- Given data -
========
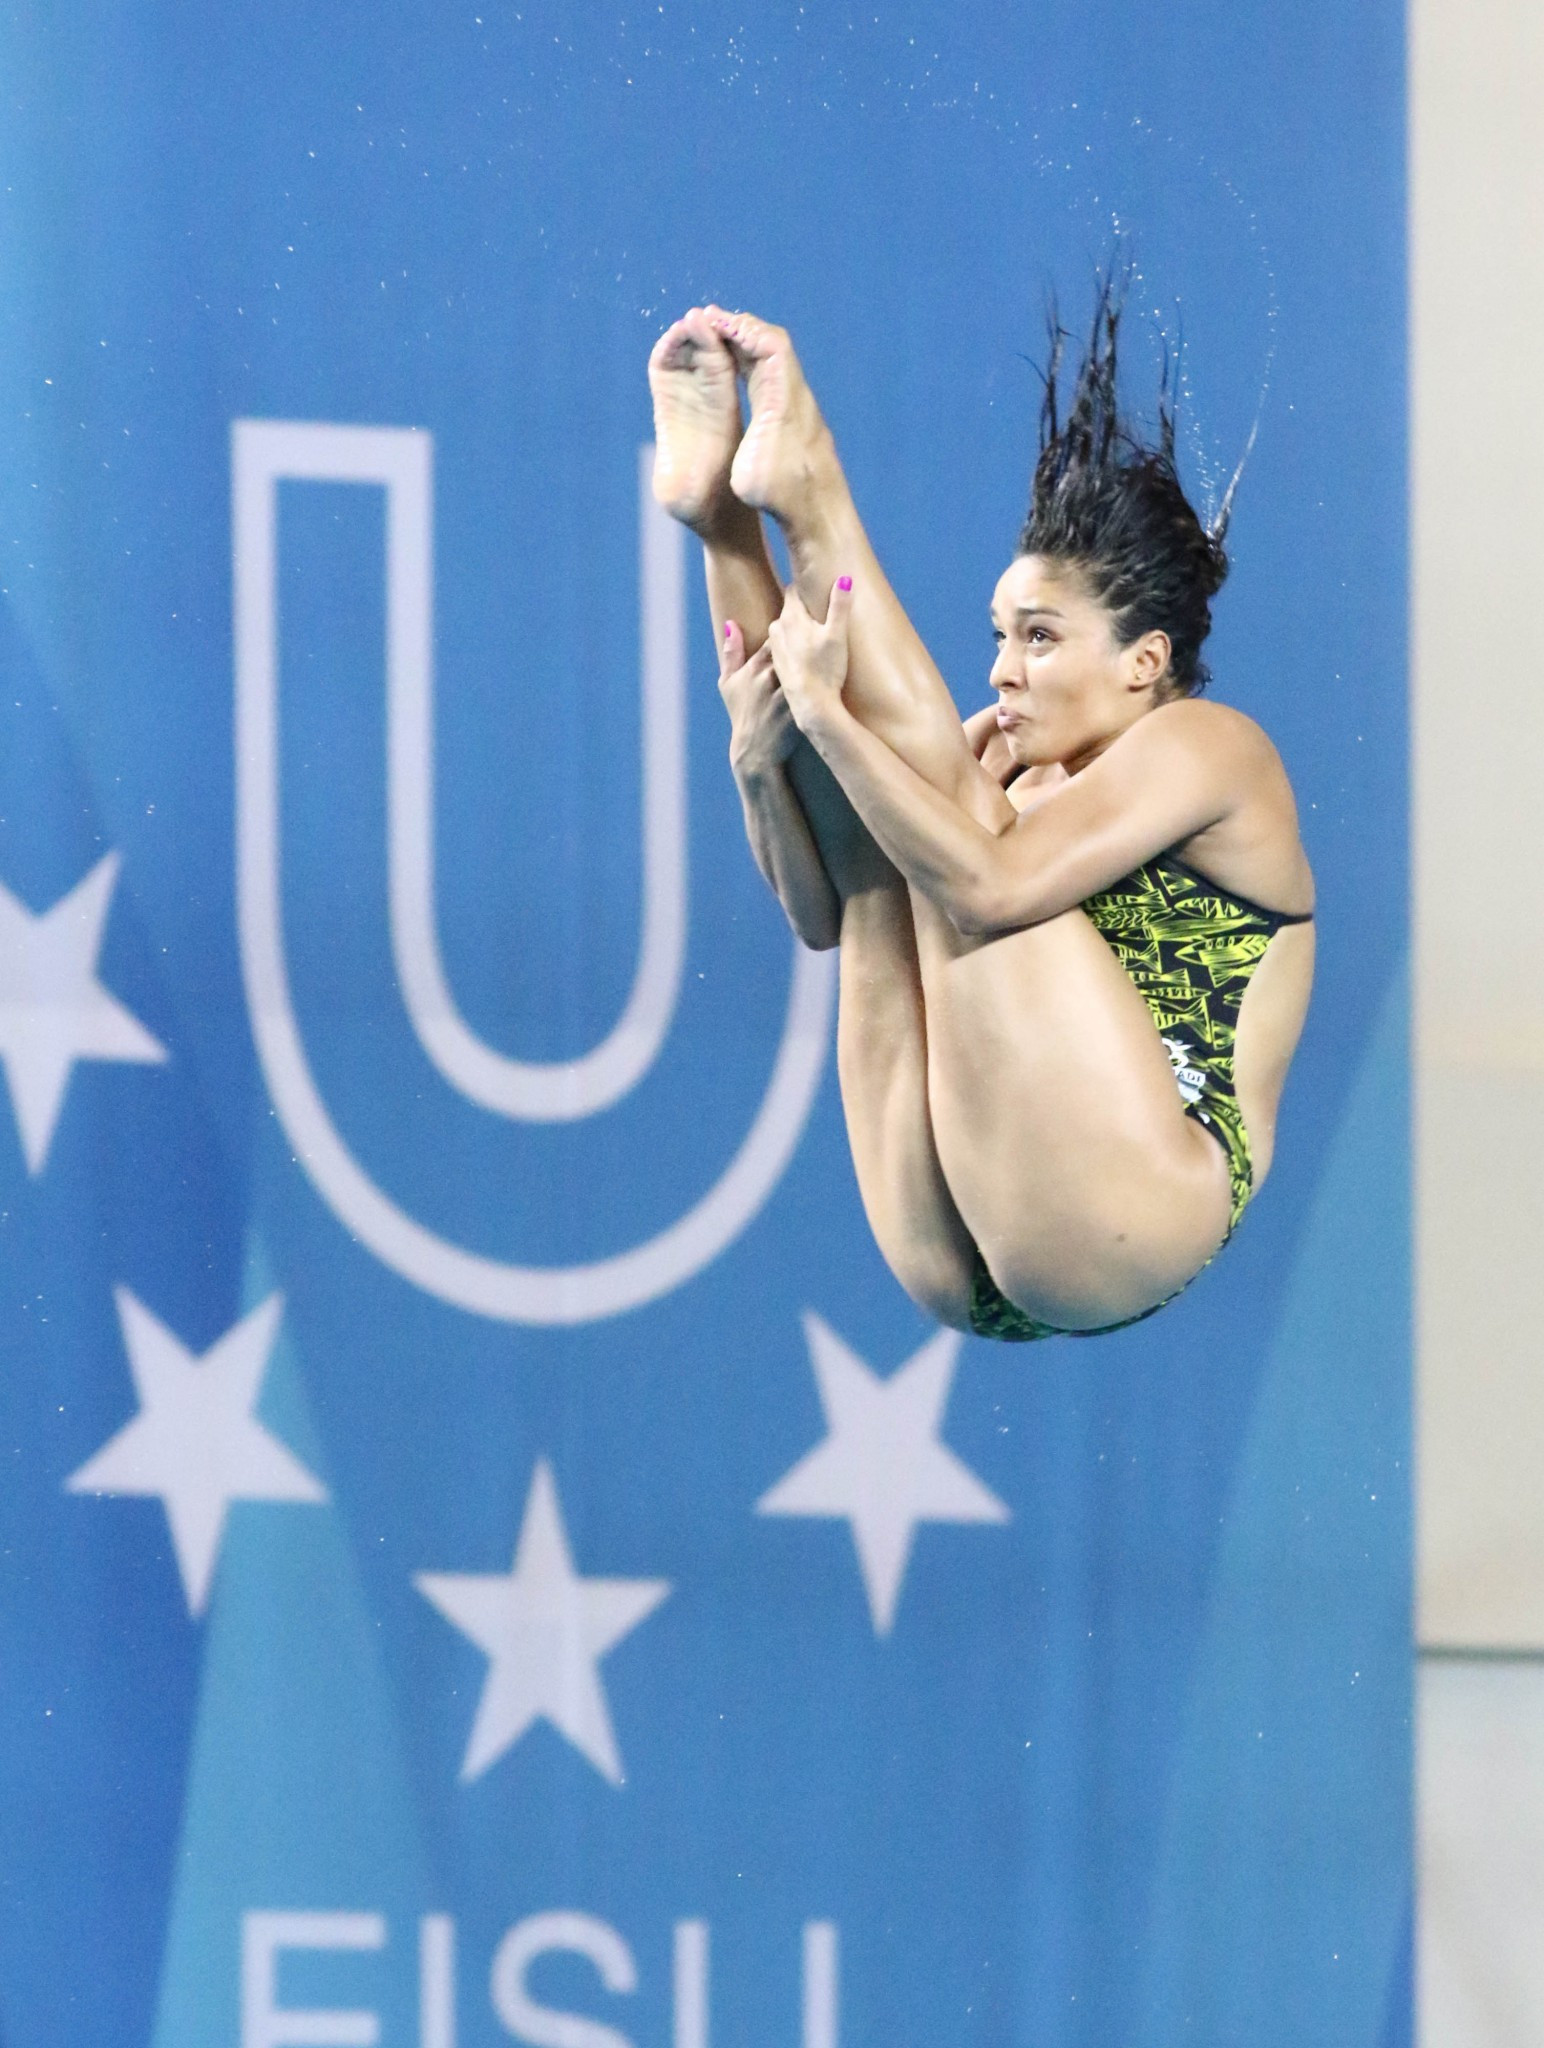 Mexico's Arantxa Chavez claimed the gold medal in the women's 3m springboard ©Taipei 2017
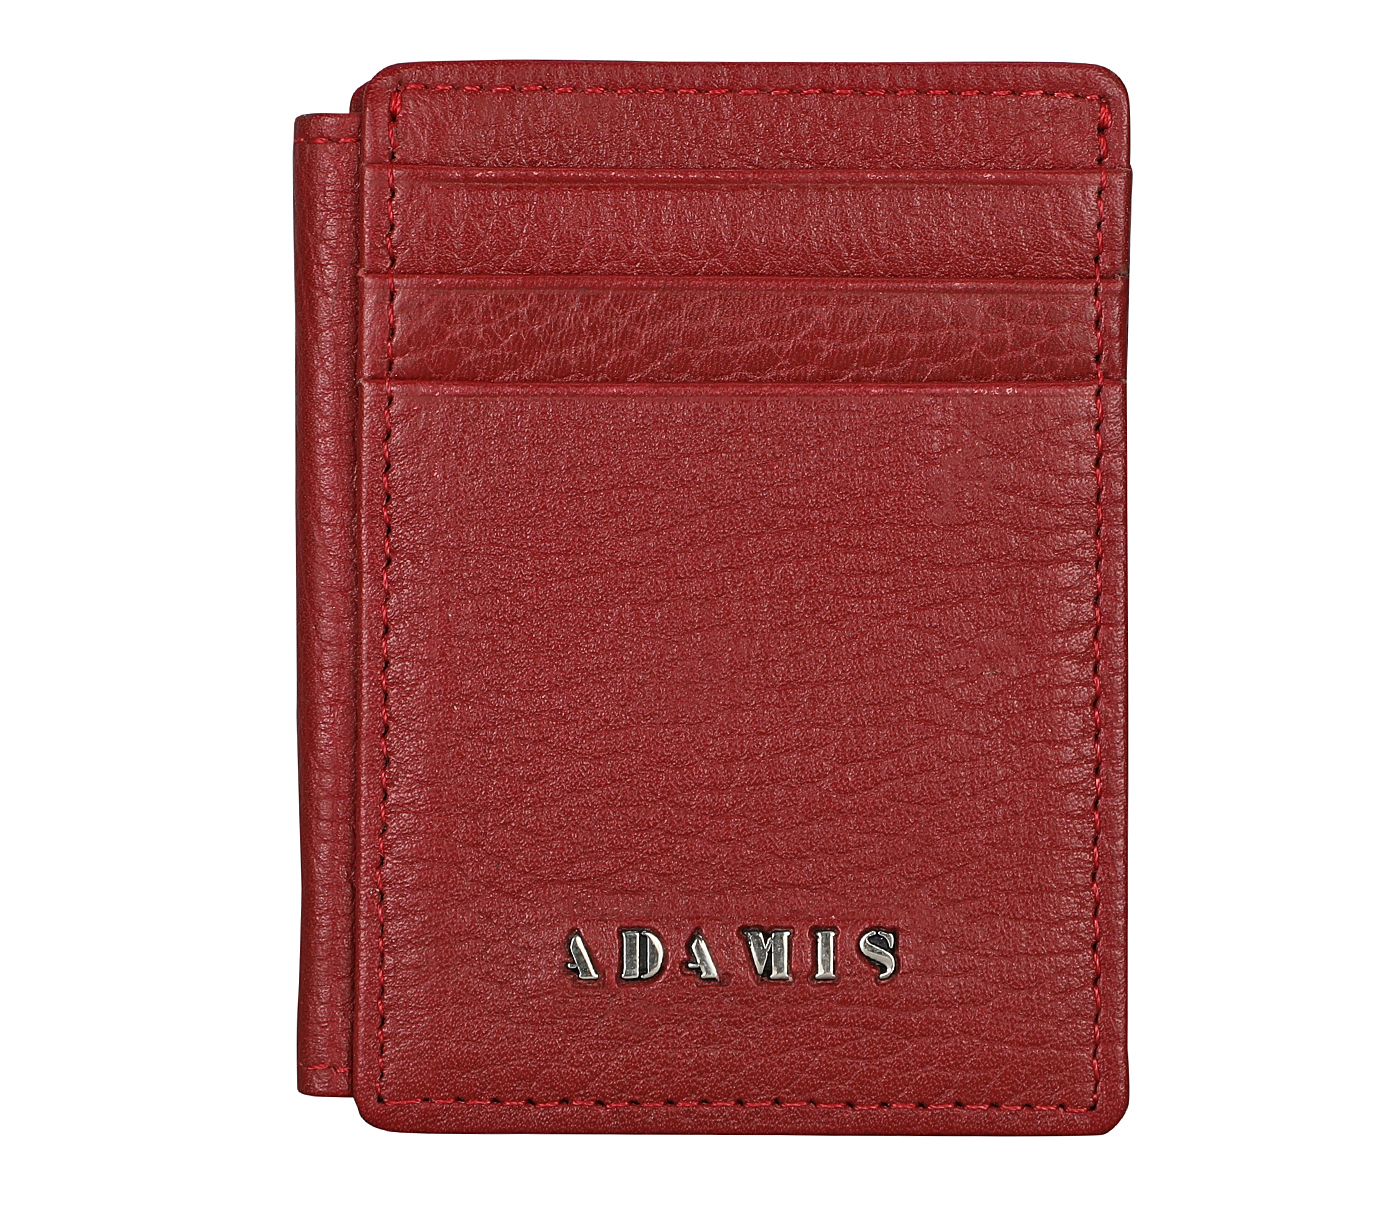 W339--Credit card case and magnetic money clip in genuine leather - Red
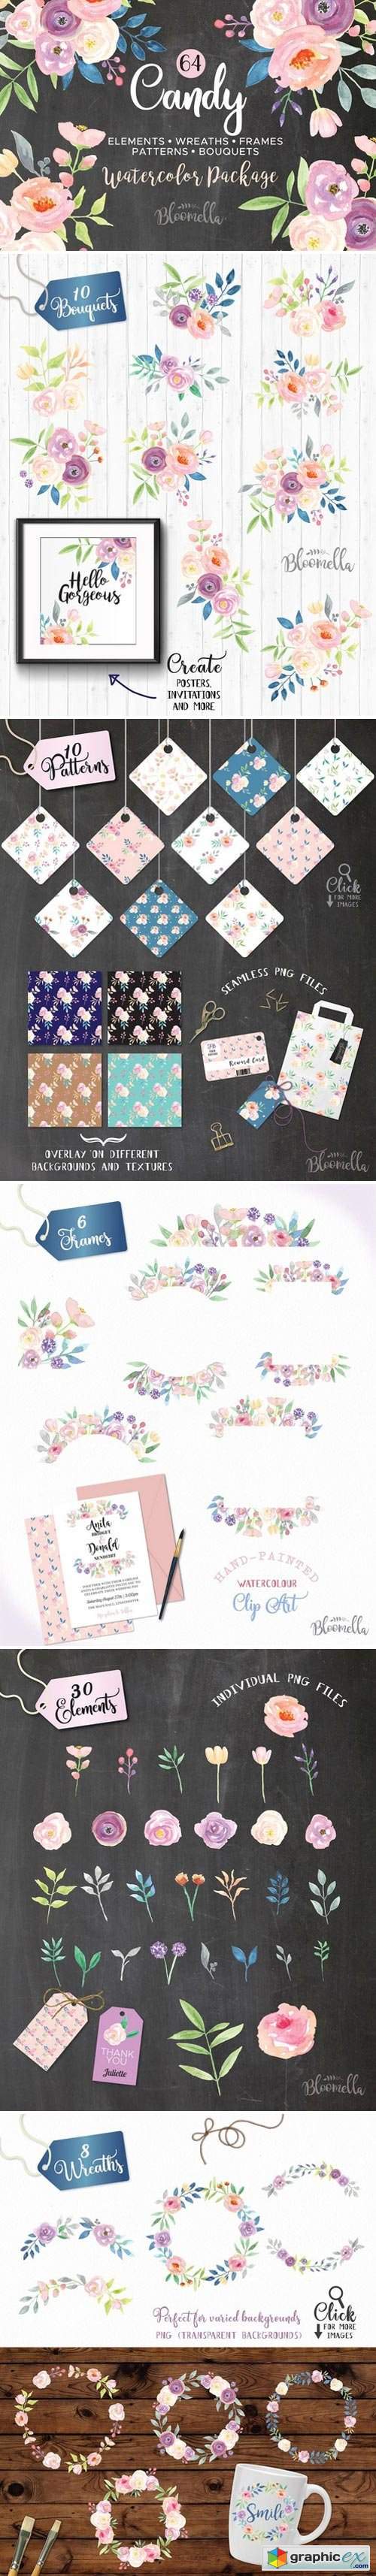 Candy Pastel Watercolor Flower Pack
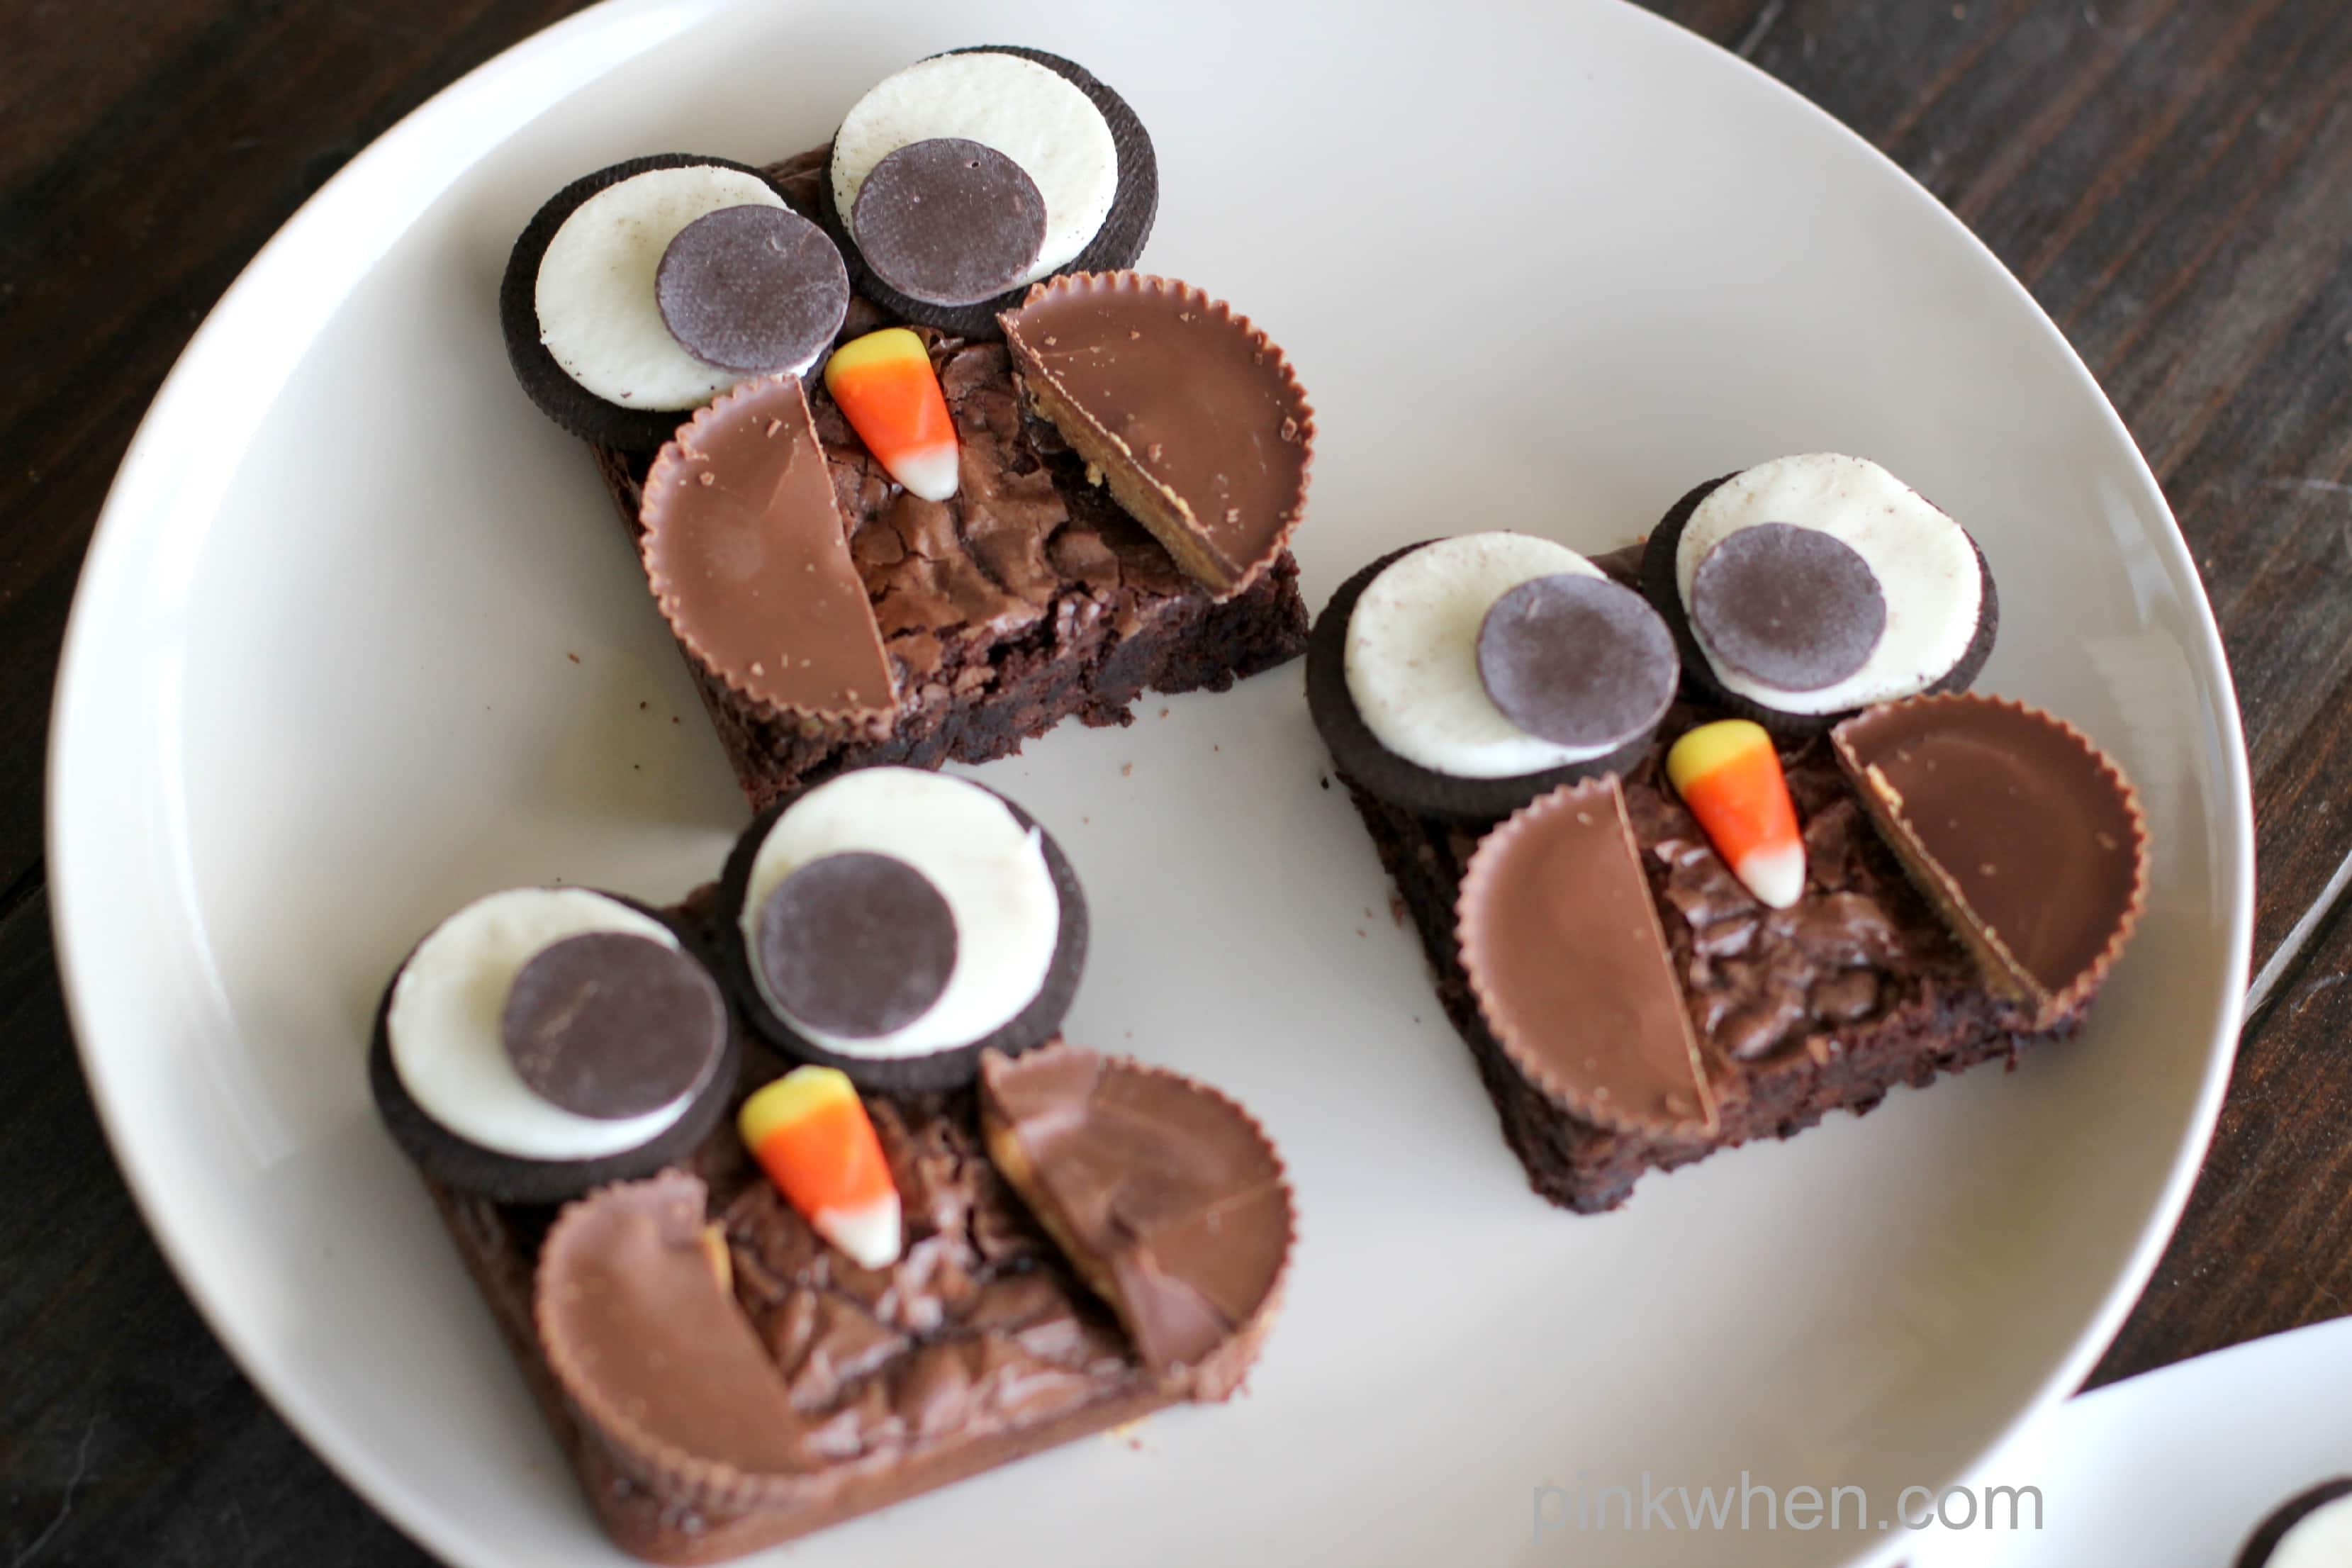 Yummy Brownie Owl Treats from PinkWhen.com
========
- Try it -
Set down, in exact form, only the lines that start at the one containing "W339--Credit card case" and finish at the last line of the material; pictures do not go in.

- The answer -
 W339--Credit card case and magnetic money clip in genuine leather - Red
 Candy Pastel Watercolor Flower Pack
 Yummy Brownie Owl Treats from PinkWhen.com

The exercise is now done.